Tuesday, June 24, 2008

the man of my life

I saw the most incredible concert tonight. Truly, it was like Shostakovich, but there were maybe 30 people there, 34 counting staff. And I know it's hackneyed, but I think of the thousands at the football matches.

The most beautiful woman came and sat by me a little ways in. I mean, I suppose there might be more beautiful women, but I'm old enough now to recognize when I've been unbelievably fortunate. She was with a man, but he was geeky and hardly talked to her. At the break, we talked -- her English was bad but my German was worse & it was amazing what she seemed to follow & she never got bored, just asked about what I did. She is an art therapist for handicapped children.
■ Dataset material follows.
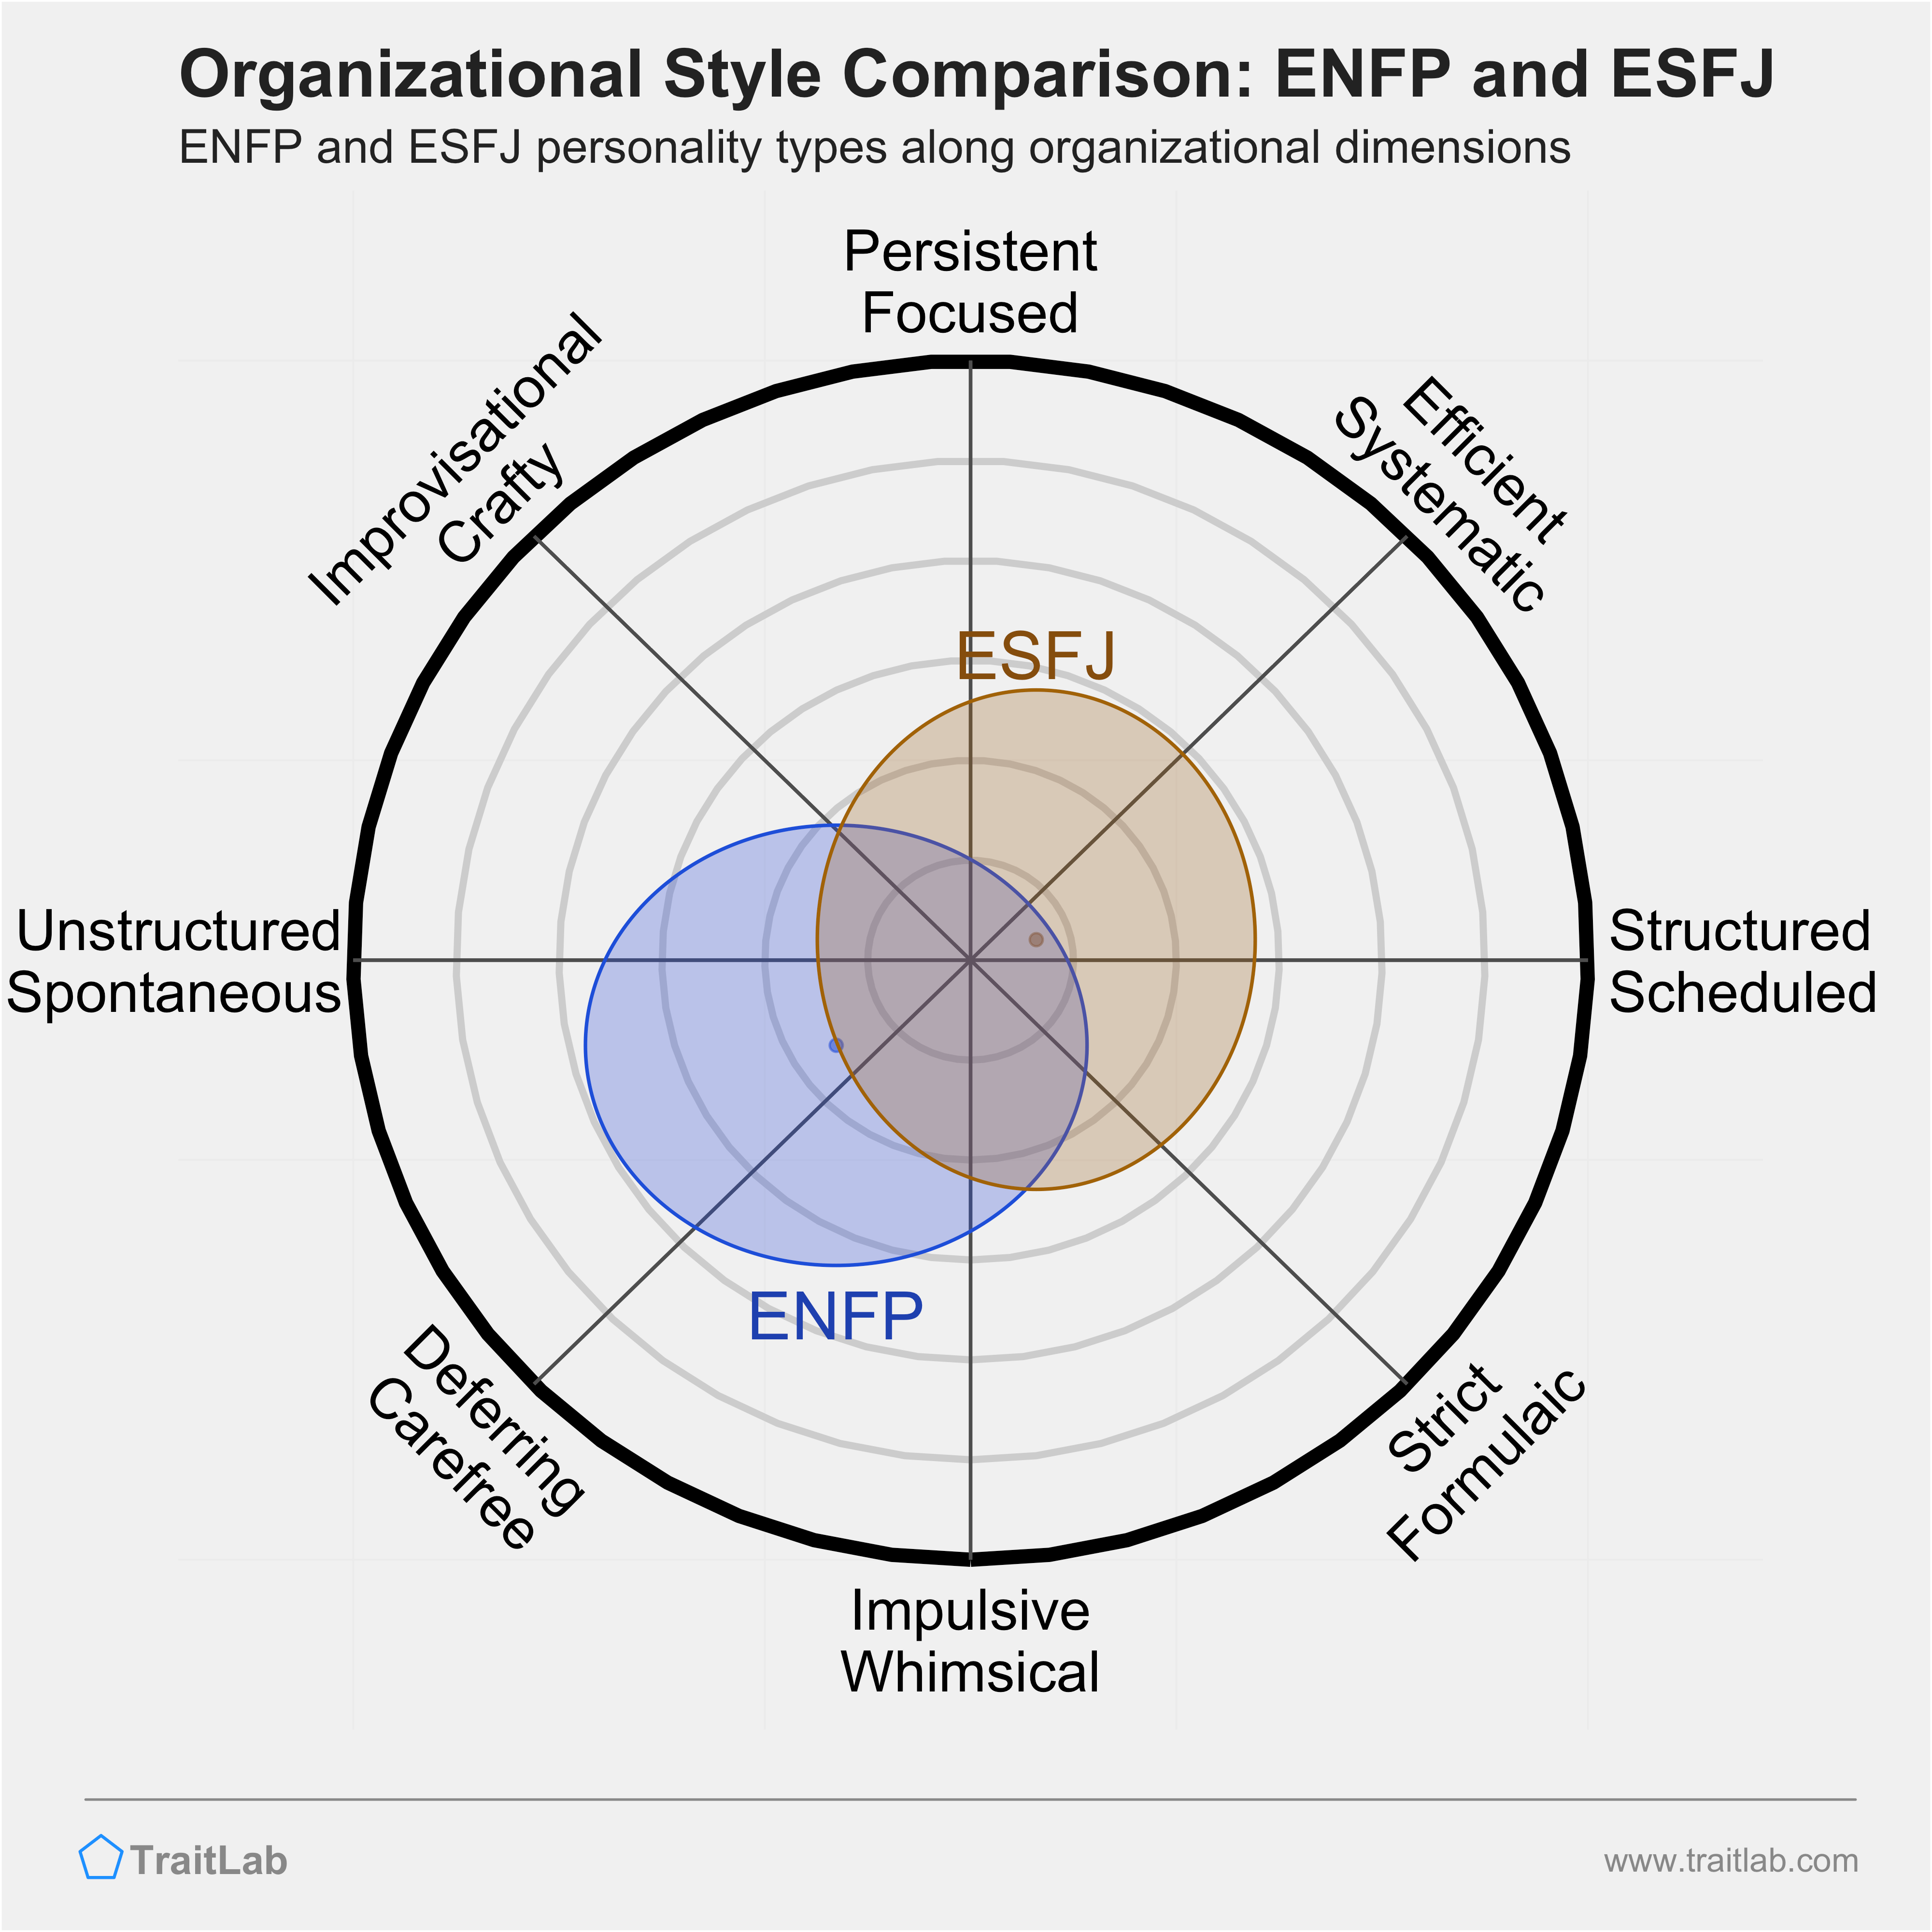 ENFP and ESFJ comparison across organizational dimensions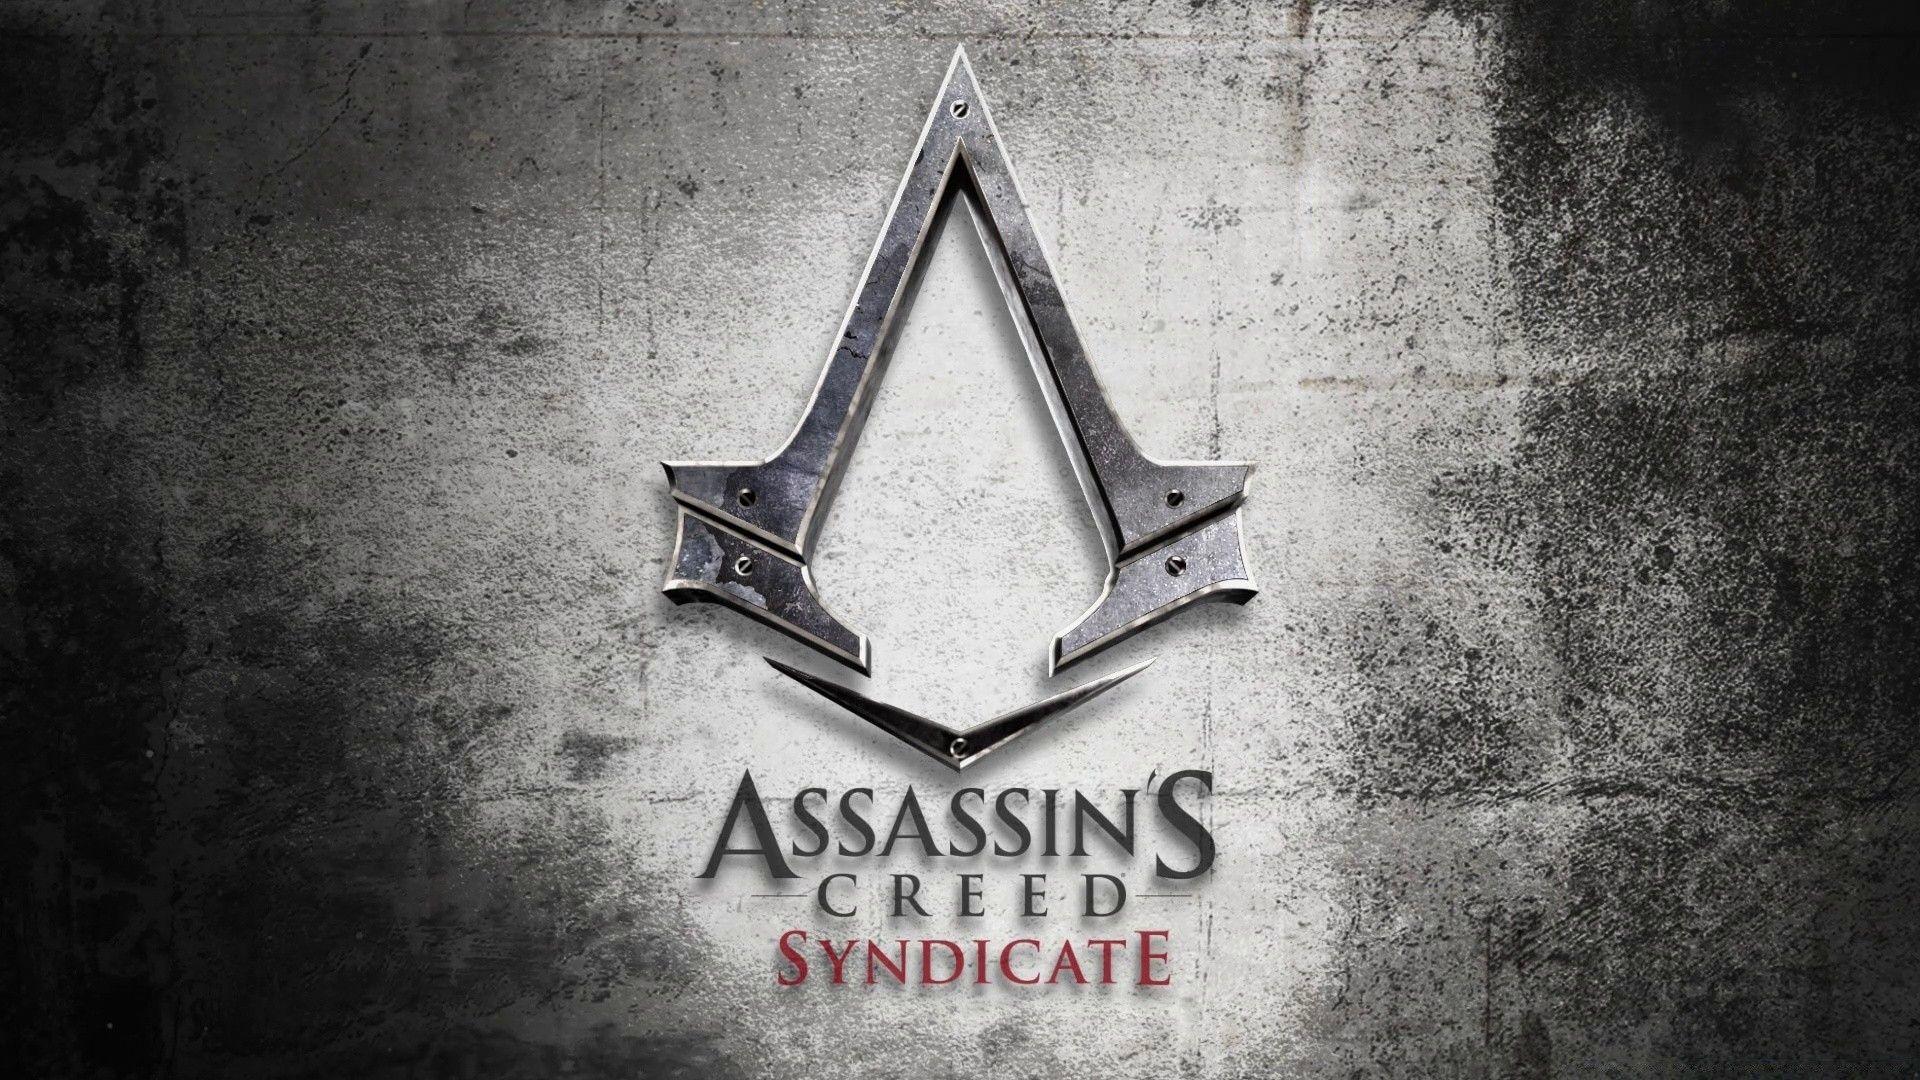 assassins creed unity logo

After the concert her companion spent more time with us -- he is a piano teacher and a performer who had played with the most famous person in the quartet. Still, she looked a bit embarrassed and also a bit of discontent when I eventually admitted my own partner was also male.

They left just after I'd ordered a schnapps. I tried to hang out for a while. The musician I'd come to see was initially effusive but eventually just talking to the other musicians --- she has an oddly childish persona but her music is massively intellectual, who knows. But after a short while I just downed it (a waste) & walked home. I thought somehow about the song I'd written my best friend, and wondered why I'd thought it was about friendship.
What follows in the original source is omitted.